───── Study material
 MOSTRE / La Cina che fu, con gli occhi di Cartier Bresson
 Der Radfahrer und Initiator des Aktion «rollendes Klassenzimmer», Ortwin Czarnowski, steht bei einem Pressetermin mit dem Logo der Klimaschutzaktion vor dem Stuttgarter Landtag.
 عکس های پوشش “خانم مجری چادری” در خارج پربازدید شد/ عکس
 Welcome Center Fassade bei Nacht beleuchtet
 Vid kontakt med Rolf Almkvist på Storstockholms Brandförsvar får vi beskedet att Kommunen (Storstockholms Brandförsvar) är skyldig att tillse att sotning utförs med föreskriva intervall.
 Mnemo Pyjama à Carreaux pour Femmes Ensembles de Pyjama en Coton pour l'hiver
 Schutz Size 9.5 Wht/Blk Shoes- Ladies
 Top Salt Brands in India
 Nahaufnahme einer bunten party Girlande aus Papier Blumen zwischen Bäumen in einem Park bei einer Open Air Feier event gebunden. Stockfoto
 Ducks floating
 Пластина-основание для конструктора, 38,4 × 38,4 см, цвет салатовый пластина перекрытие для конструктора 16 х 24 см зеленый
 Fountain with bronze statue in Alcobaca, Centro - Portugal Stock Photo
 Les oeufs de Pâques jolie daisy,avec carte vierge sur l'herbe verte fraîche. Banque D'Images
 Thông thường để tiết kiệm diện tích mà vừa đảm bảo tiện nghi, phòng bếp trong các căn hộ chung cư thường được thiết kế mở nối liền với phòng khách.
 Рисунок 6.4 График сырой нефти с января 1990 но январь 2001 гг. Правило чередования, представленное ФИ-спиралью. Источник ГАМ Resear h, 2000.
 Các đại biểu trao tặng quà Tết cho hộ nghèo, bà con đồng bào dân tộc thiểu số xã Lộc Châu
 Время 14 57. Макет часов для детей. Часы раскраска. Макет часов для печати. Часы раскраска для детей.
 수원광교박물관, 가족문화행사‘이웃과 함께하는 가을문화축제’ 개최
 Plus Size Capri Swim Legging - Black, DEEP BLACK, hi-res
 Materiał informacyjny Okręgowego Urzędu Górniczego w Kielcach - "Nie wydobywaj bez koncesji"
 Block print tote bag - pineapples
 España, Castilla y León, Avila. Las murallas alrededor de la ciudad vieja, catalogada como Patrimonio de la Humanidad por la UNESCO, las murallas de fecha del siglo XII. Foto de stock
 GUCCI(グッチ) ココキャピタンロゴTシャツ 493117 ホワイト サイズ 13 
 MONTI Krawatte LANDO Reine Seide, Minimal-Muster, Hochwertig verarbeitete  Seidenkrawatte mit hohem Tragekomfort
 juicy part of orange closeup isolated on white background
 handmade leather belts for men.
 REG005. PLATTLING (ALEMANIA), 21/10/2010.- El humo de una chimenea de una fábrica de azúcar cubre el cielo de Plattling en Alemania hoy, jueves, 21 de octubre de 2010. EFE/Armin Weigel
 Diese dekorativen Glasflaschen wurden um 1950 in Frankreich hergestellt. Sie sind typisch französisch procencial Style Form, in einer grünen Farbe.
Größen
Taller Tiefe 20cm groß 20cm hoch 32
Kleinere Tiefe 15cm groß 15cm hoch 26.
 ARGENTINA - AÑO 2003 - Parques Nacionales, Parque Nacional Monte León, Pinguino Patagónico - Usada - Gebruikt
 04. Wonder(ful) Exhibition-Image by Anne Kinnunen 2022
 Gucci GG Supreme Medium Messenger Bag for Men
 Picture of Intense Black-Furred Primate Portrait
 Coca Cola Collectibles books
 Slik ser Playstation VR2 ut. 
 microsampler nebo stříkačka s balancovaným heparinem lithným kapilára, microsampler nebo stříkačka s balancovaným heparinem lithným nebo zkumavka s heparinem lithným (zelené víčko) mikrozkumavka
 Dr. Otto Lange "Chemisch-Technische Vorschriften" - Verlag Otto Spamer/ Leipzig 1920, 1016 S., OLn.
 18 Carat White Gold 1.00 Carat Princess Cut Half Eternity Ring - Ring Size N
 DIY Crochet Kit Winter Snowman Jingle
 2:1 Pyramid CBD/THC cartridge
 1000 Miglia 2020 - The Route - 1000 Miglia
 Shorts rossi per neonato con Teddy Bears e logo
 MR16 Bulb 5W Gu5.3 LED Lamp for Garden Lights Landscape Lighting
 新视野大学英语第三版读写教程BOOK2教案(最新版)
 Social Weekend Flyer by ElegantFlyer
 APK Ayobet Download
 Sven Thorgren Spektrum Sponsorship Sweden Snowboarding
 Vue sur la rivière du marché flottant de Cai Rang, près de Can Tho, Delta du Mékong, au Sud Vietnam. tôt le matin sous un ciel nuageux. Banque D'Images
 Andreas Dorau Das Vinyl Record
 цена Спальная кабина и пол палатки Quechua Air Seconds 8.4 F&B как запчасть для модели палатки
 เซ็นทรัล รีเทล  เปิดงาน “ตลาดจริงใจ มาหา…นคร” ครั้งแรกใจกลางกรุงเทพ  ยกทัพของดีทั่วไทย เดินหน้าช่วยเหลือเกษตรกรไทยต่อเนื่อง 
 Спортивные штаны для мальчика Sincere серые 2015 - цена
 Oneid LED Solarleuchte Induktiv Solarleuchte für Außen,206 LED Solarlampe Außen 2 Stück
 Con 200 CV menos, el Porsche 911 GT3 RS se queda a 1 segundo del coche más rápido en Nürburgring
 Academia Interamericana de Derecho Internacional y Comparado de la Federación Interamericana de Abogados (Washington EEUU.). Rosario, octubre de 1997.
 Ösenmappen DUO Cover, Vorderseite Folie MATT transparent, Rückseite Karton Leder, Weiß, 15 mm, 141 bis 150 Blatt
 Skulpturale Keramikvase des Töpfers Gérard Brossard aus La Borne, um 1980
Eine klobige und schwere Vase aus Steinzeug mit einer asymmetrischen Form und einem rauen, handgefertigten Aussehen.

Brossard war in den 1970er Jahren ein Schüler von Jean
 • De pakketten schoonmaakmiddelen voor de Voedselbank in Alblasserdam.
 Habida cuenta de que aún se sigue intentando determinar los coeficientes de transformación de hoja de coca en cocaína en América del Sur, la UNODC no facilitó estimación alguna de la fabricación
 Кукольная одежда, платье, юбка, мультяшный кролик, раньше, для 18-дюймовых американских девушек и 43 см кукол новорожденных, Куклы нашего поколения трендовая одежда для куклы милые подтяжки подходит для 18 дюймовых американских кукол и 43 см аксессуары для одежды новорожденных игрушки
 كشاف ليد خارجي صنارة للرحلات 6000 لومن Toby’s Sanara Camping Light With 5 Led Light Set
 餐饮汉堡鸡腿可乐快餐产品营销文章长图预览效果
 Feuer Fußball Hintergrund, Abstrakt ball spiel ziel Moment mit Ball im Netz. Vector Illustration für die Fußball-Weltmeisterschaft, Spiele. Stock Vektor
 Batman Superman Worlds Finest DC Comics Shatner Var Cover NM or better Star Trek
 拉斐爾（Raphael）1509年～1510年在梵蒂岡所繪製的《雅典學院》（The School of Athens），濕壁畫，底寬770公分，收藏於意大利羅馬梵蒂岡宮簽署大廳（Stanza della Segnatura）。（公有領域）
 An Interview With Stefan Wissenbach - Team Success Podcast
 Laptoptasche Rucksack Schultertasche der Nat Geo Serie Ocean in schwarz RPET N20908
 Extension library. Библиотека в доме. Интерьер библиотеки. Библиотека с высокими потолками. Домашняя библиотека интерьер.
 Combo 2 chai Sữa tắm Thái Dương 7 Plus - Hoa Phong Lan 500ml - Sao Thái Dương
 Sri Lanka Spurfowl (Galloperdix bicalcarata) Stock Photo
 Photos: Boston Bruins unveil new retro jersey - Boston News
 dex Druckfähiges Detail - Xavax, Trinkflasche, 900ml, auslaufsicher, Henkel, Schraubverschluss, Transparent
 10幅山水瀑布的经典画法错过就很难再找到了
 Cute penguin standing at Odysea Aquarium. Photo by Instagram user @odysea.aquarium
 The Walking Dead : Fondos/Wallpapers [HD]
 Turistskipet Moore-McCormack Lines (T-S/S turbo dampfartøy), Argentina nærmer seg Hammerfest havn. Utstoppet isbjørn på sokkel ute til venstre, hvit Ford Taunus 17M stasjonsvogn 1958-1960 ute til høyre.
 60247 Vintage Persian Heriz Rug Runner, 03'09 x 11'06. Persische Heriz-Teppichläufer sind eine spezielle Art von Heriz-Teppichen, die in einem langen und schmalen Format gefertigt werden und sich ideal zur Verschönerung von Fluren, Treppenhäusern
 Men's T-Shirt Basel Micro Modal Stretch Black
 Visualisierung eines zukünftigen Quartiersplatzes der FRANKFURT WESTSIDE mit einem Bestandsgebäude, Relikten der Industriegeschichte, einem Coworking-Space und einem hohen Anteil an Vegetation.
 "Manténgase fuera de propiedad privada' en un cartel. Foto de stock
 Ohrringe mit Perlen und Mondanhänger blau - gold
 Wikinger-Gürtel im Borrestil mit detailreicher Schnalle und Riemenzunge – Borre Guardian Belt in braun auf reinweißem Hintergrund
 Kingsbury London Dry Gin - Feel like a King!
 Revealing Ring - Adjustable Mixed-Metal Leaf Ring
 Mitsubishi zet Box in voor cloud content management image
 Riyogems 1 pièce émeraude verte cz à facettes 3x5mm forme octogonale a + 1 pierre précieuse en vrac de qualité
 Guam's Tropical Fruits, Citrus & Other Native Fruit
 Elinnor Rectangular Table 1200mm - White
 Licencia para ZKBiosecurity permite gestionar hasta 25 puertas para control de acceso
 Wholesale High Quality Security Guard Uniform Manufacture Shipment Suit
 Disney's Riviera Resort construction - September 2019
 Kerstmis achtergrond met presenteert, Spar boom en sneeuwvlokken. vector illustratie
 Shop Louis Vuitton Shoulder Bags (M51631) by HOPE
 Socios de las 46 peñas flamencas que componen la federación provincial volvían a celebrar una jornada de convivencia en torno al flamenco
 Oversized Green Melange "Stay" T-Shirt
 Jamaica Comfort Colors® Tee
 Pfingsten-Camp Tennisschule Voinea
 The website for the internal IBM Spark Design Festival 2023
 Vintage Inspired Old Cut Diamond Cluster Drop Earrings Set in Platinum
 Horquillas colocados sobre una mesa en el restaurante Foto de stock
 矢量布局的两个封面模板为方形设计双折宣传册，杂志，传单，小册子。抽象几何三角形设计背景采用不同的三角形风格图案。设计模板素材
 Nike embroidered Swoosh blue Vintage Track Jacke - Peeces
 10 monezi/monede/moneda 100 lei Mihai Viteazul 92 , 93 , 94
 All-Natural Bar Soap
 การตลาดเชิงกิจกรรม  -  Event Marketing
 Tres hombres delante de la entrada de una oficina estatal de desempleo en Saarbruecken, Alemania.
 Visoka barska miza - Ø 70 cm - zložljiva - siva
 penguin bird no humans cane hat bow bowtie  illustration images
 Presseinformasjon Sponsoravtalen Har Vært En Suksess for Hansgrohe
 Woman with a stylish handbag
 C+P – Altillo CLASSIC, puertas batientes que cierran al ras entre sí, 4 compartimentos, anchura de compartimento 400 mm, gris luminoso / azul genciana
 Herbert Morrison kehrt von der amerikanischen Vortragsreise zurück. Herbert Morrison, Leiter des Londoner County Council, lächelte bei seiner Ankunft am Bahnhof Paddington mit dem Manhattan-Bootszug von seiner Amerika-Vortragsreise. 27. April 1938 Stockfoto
──────────
• _What needs to be done_
Go back to the listing above. Copy word for word the lines from the one with "Guam's Tropical Fruits, Citrus" through the one with "Shop Louis Vuitton", and nothing more.

• _Solution for this problem_
 Guam's Tropical Fruits, Citrus & Other Native Fruit
 Elinnor Rectangular Table 1200mm - White
 Licencia para ZKBiosecurity permite gestionar hasta 25 puertas para control de acceso
 Wholesale High Quality Security Guard Uniform Manufacture Shipment Suit
 Disney's Riviera Resort construction - September 2019
 Kerstmis achtergrond met presenteert, Spar boom en sneeuwvlokken. vector illustratie
 Shop Louis Vuitton Shoulder Bags (M51631) by HOPE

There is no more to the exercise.